Transcribe the listing exactly as written. Leave the images out.

### Supplied data

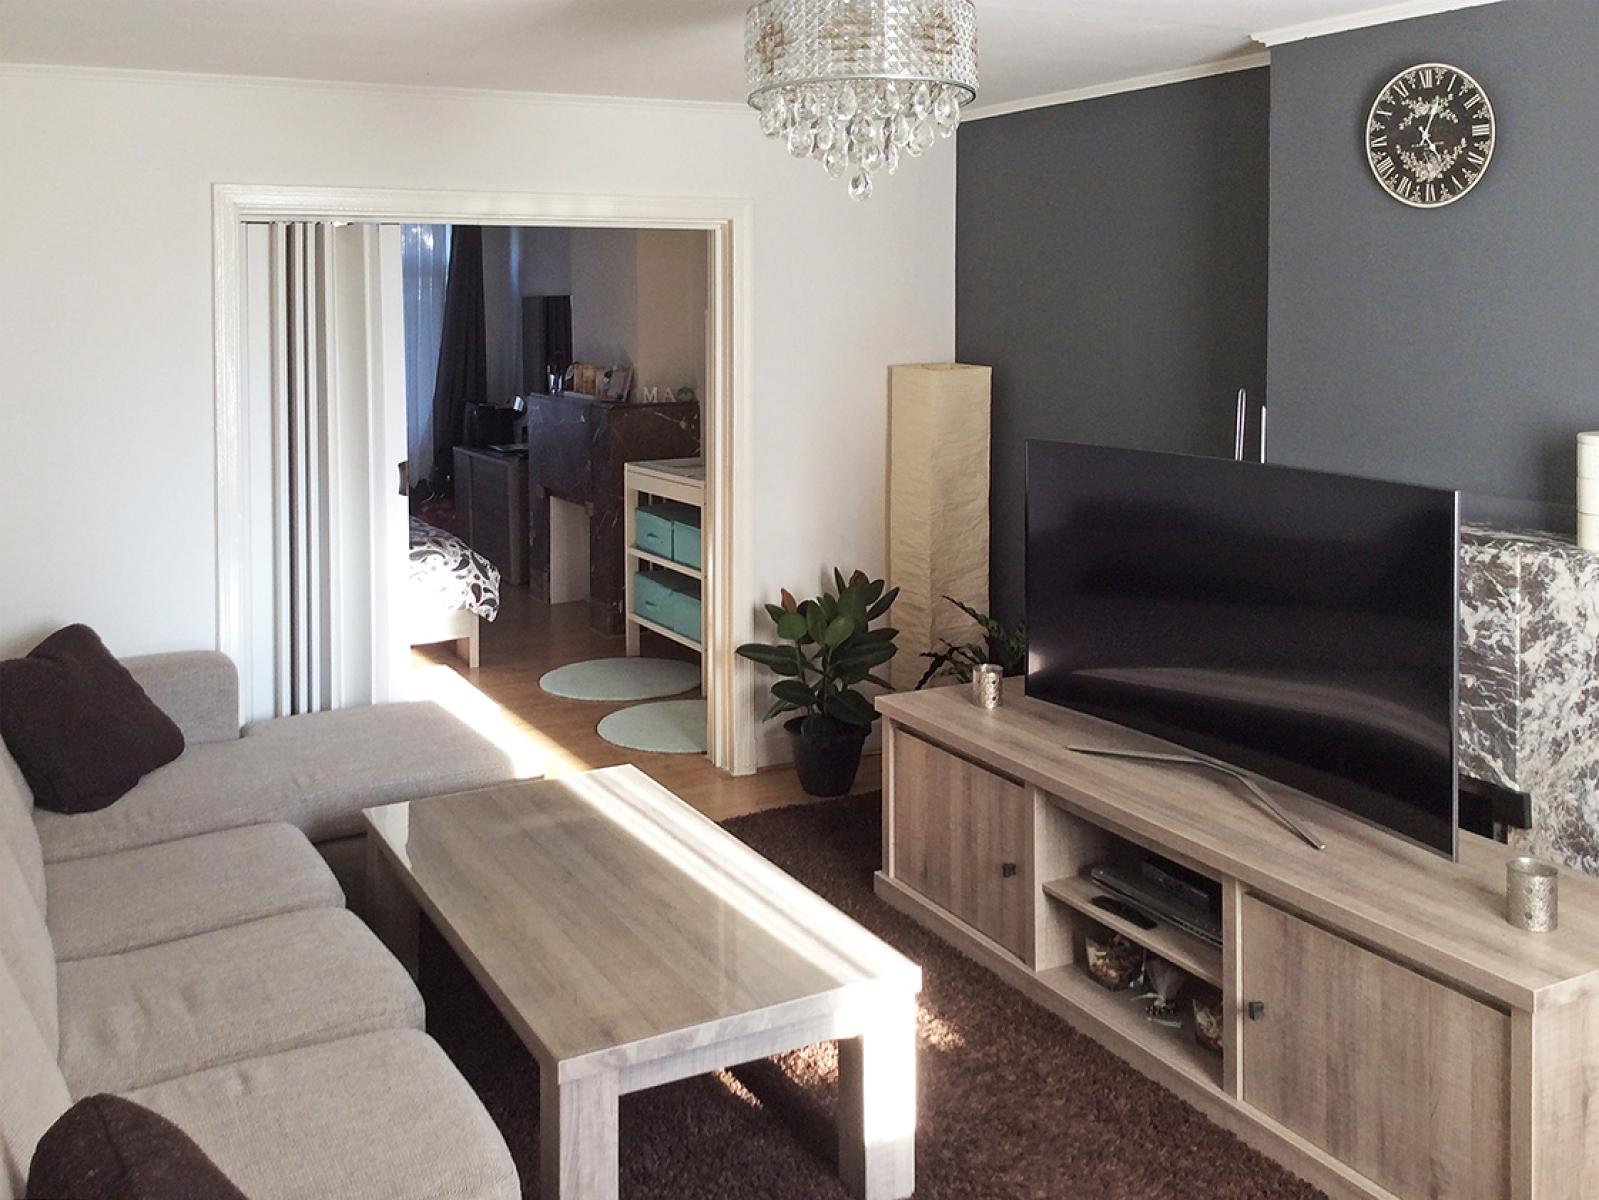 Charmant 2-slpk appartement op leuke locatie te Berchem! afbeelding 2
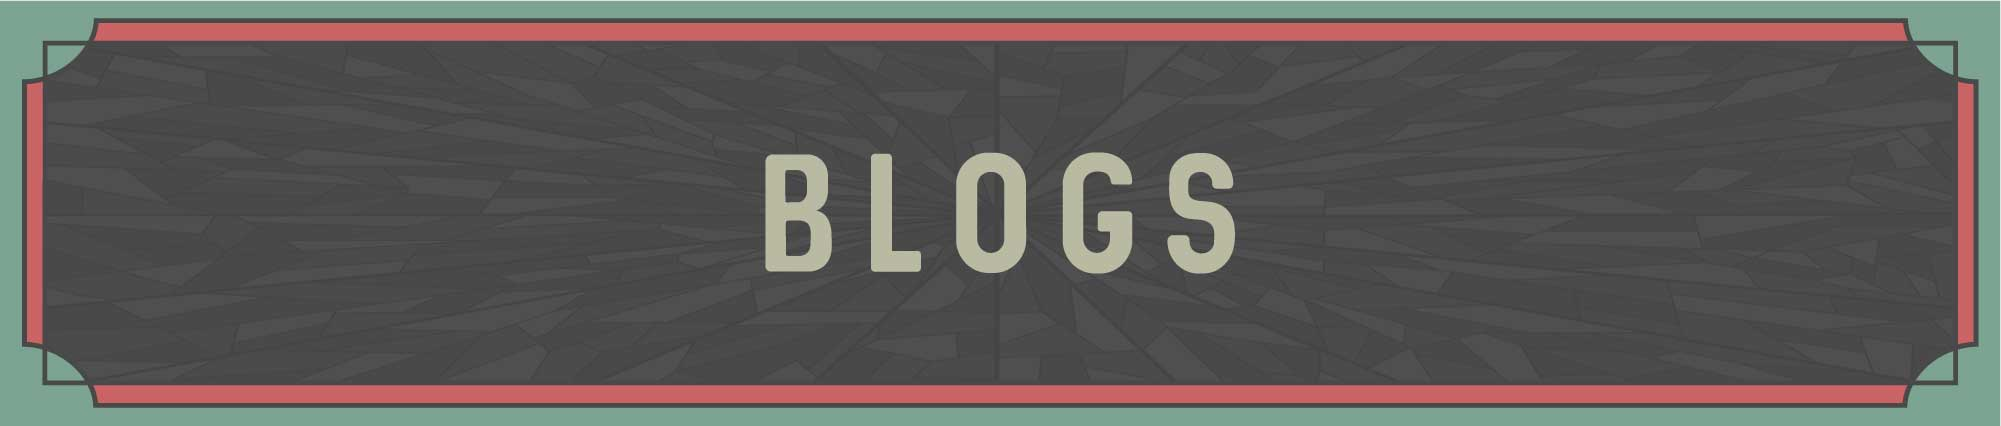 IAM_Blogs.jpg
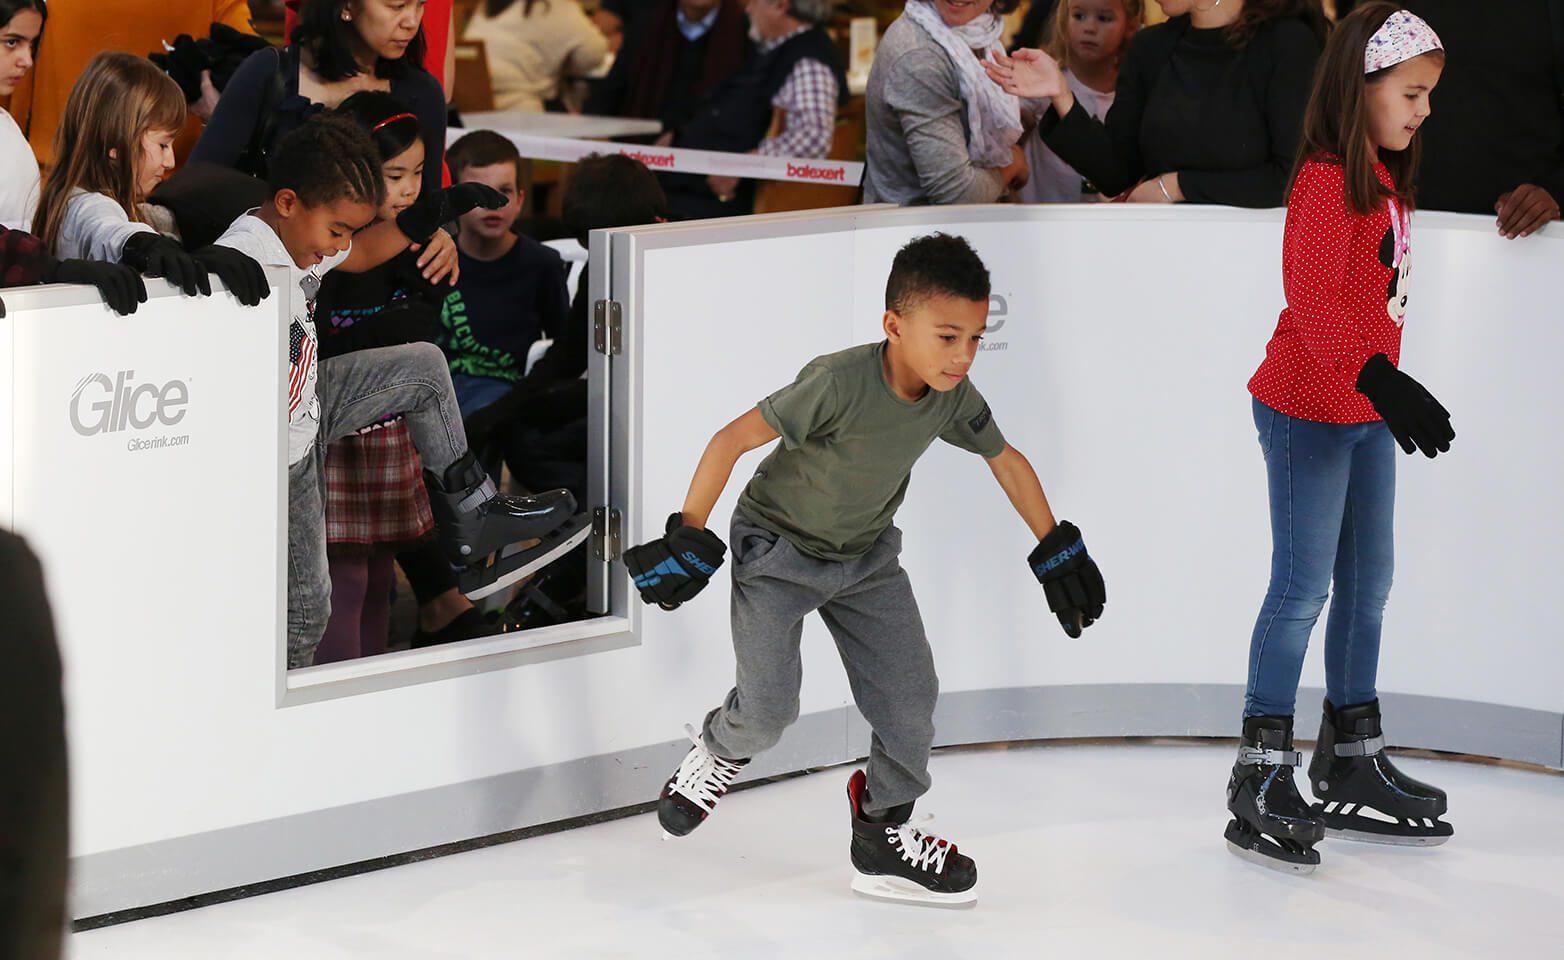 crowds-at-plastic-ice-rink
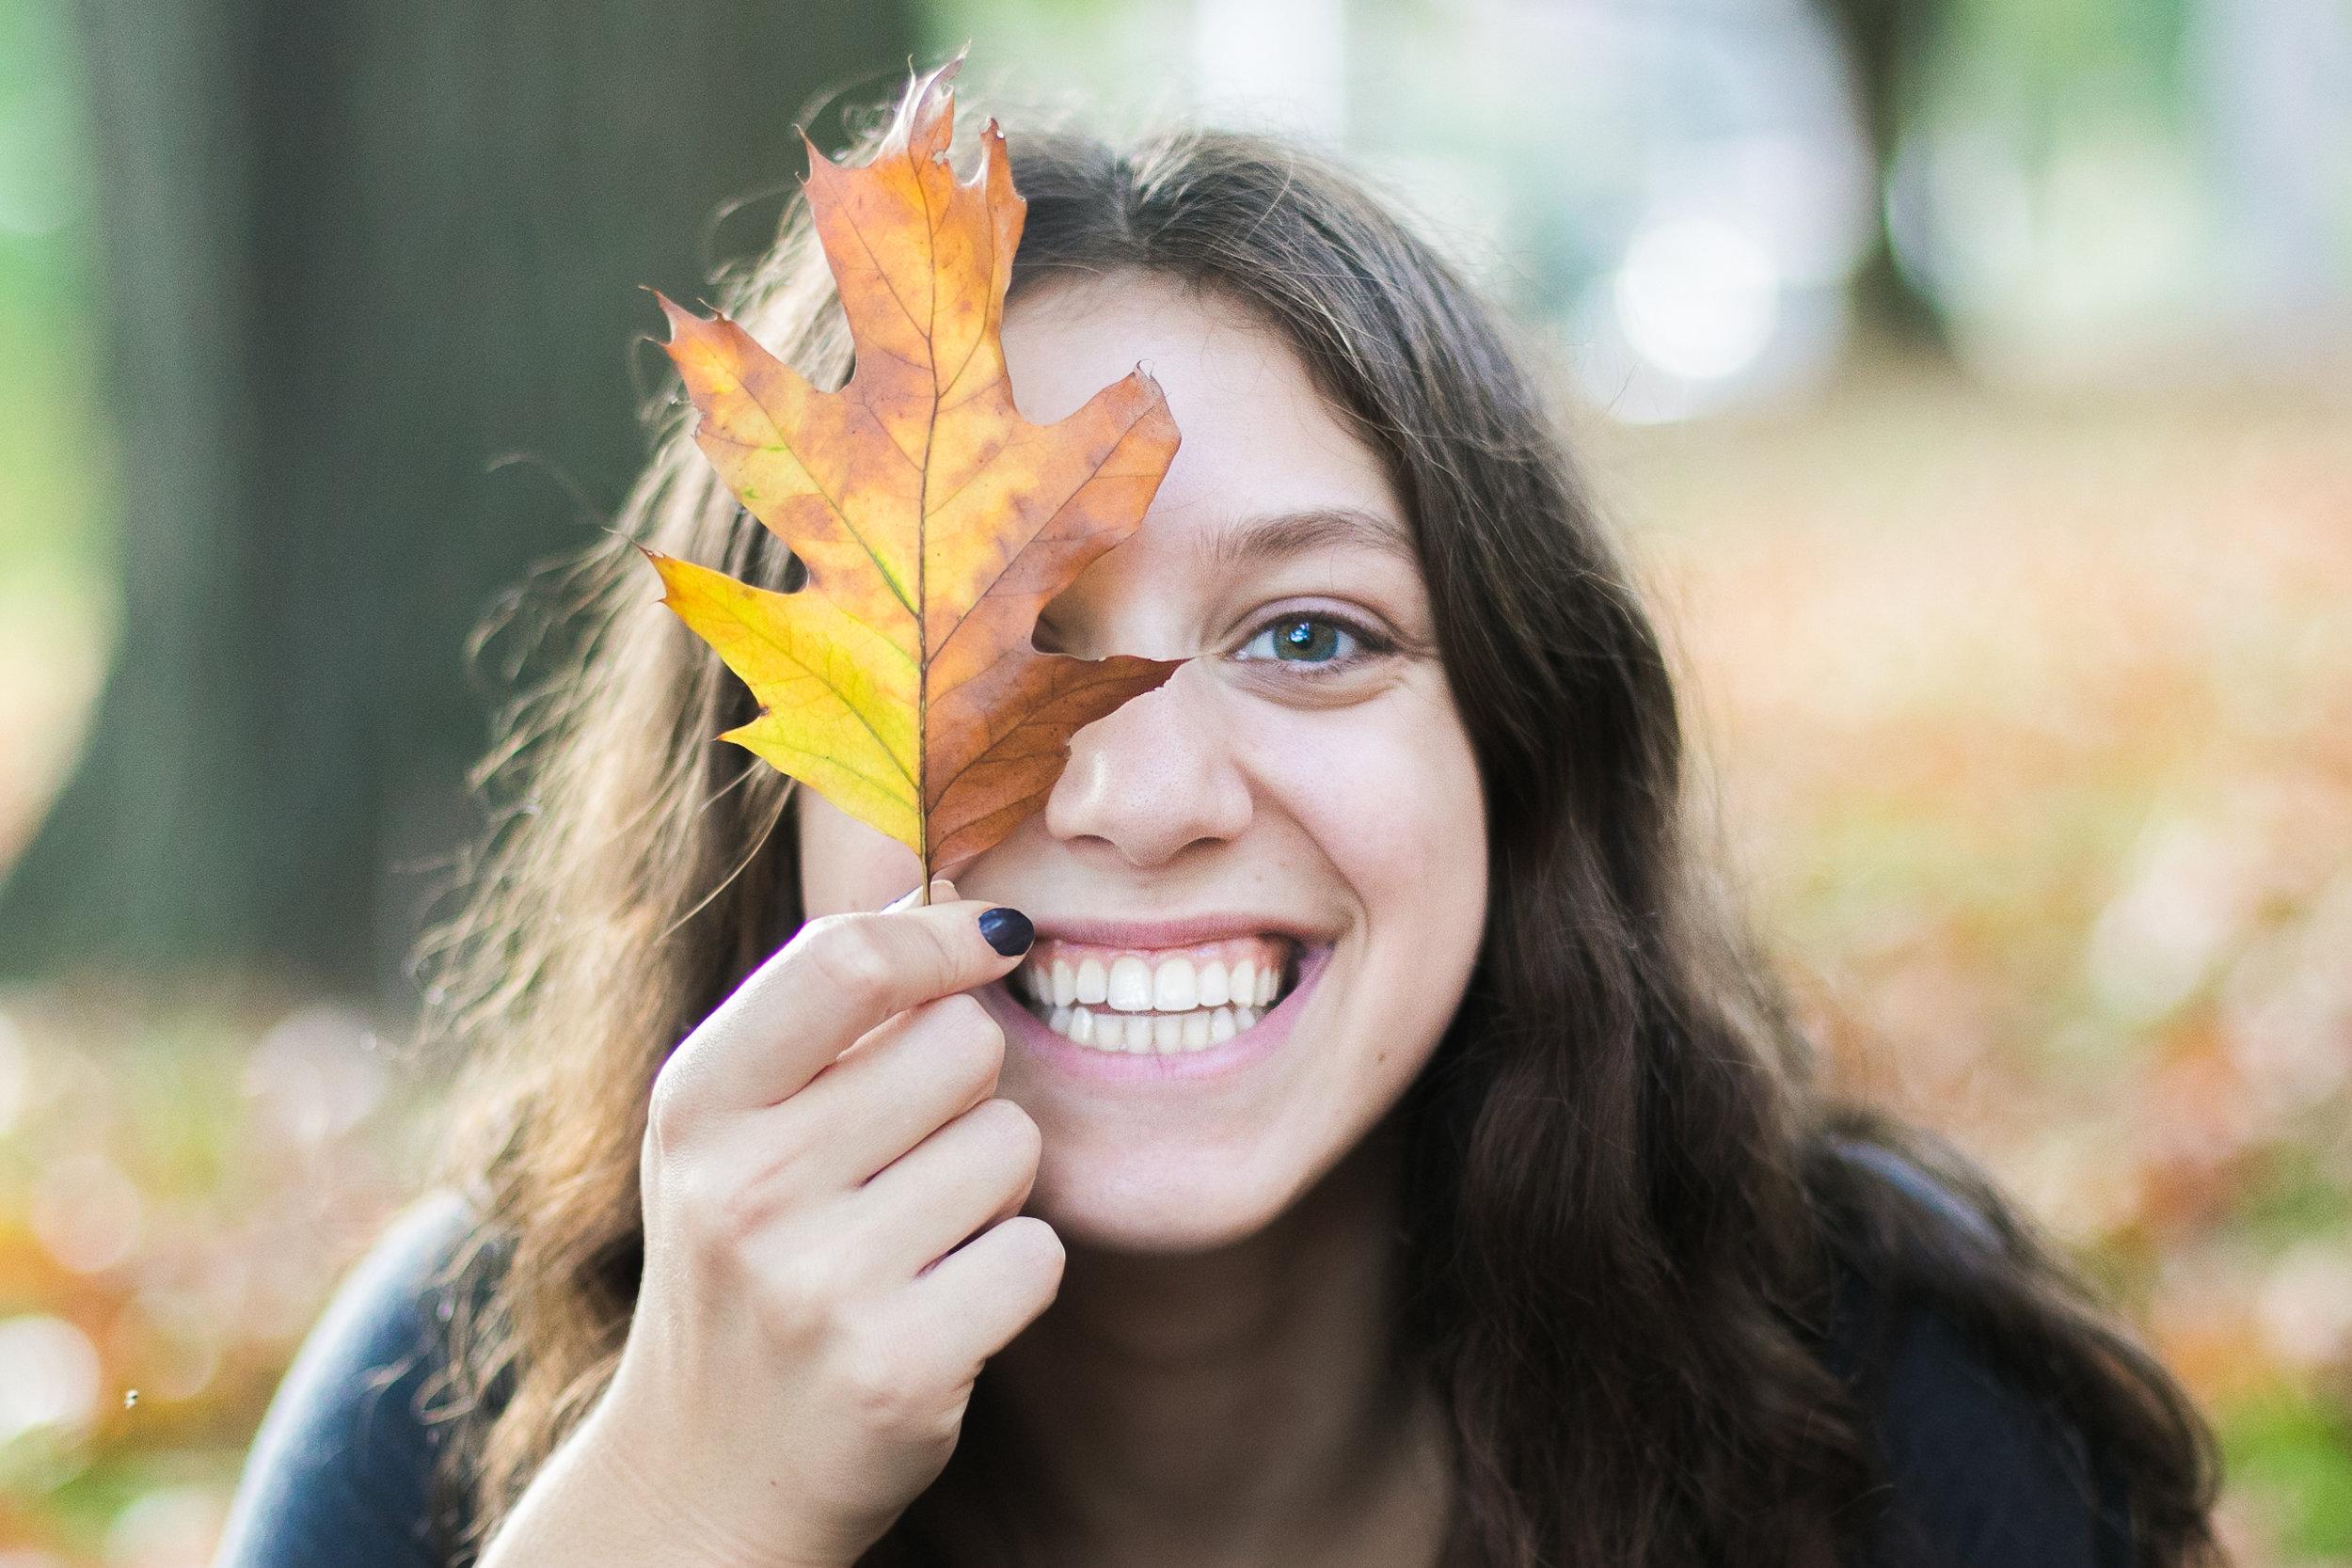 Senior Festive Fall Portrait

######

▸ Response to this task:
 Charmant 2-slpk appartement op leuke locatie te Berchem! afbeelding 2
 IAM_Blogs.jpg
 crowds-at-plastic-ice-rink
 Senior Festive Fall Portrait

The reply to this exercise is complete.